• **YOUR GOAL**:
Your task is to copy the listing exactly. Drop any pictures from the copy.

• **SUPPLIED DATA**:

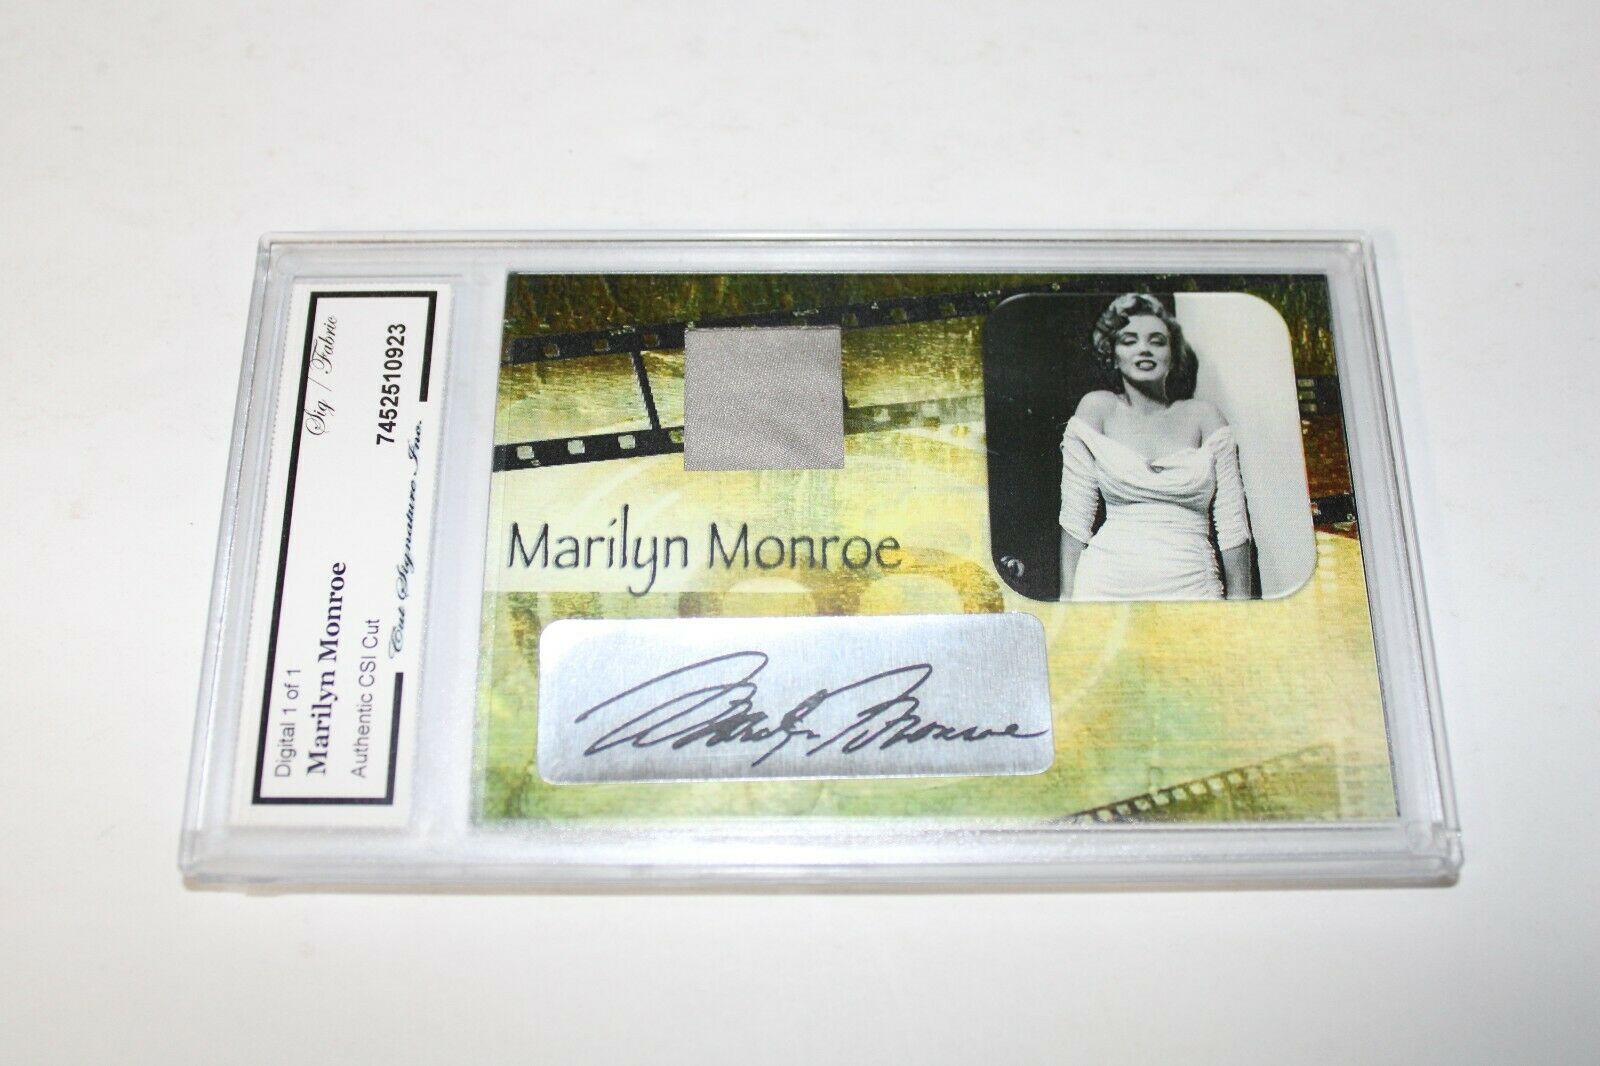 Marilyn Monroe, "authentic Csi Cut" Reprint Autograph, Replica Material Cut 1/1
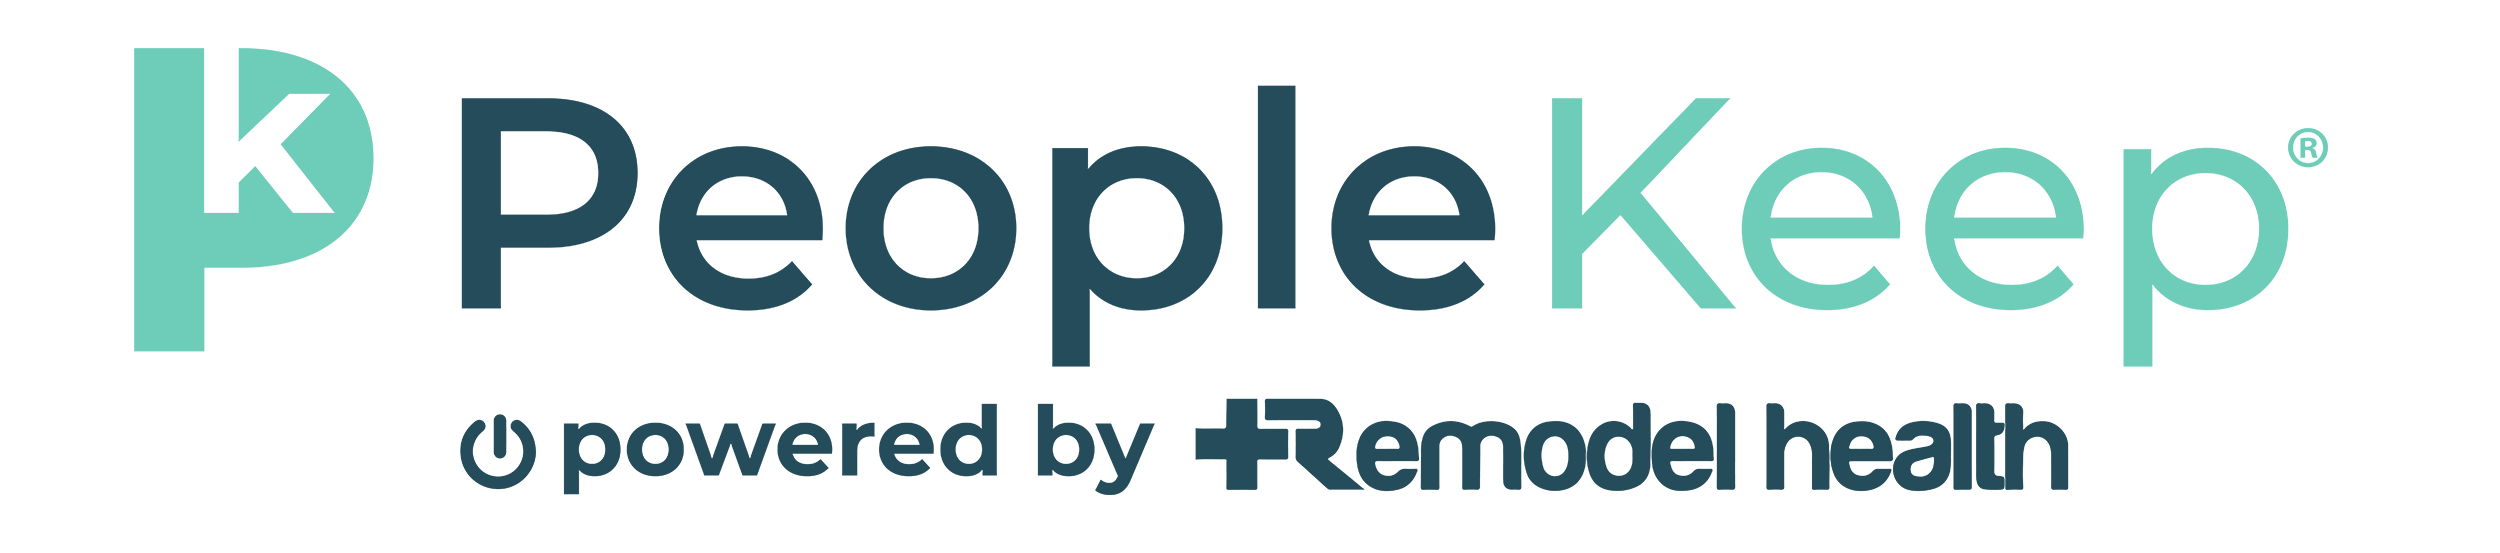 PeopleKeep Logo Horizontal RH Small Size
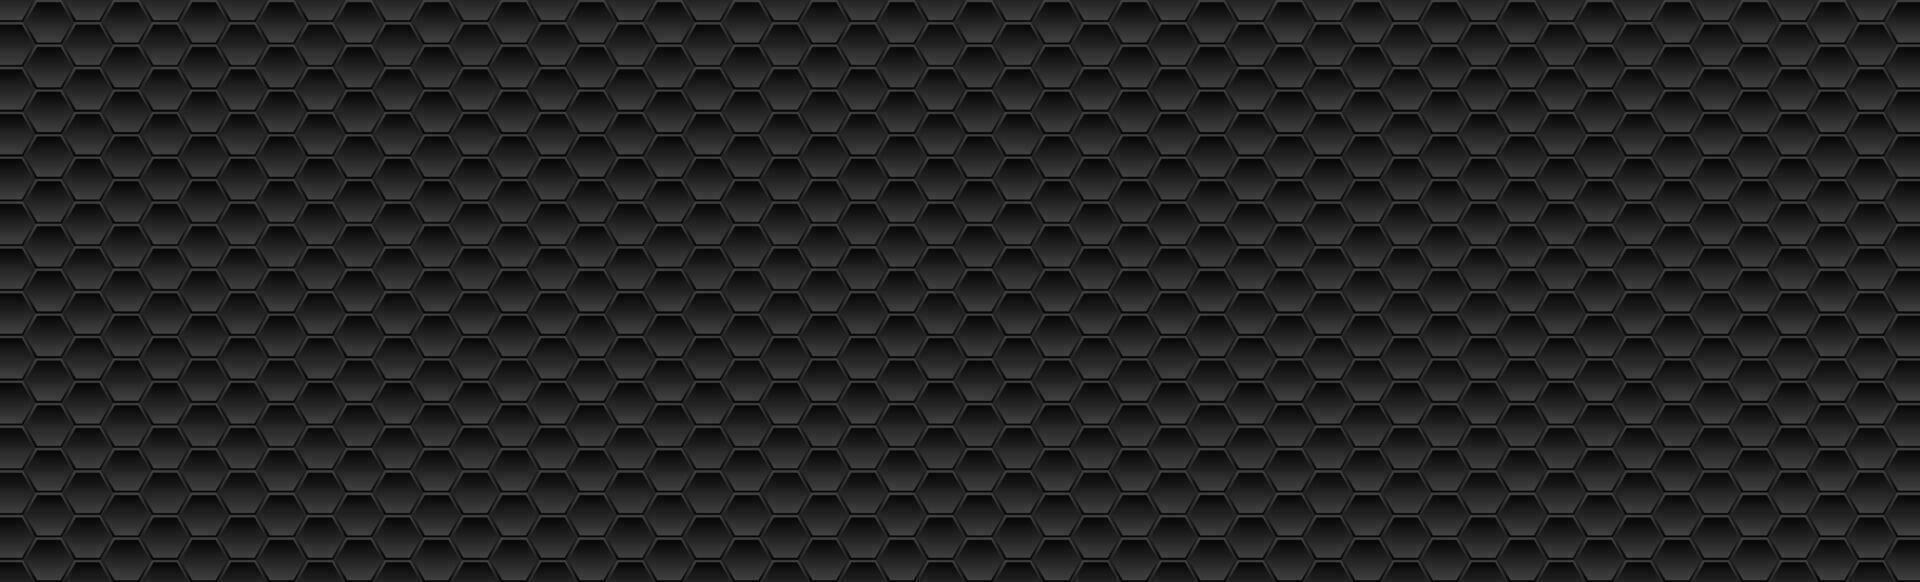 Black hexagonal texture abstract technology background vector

• **RESULT**:
 Marilyn Monroe, "authentic Csi Cut" Reprint Autograph, Replica Material Cut 1/1
 PeopleKeep Logo Horizontal RH Small Size
 Black hexagonal texture abstract technology background vector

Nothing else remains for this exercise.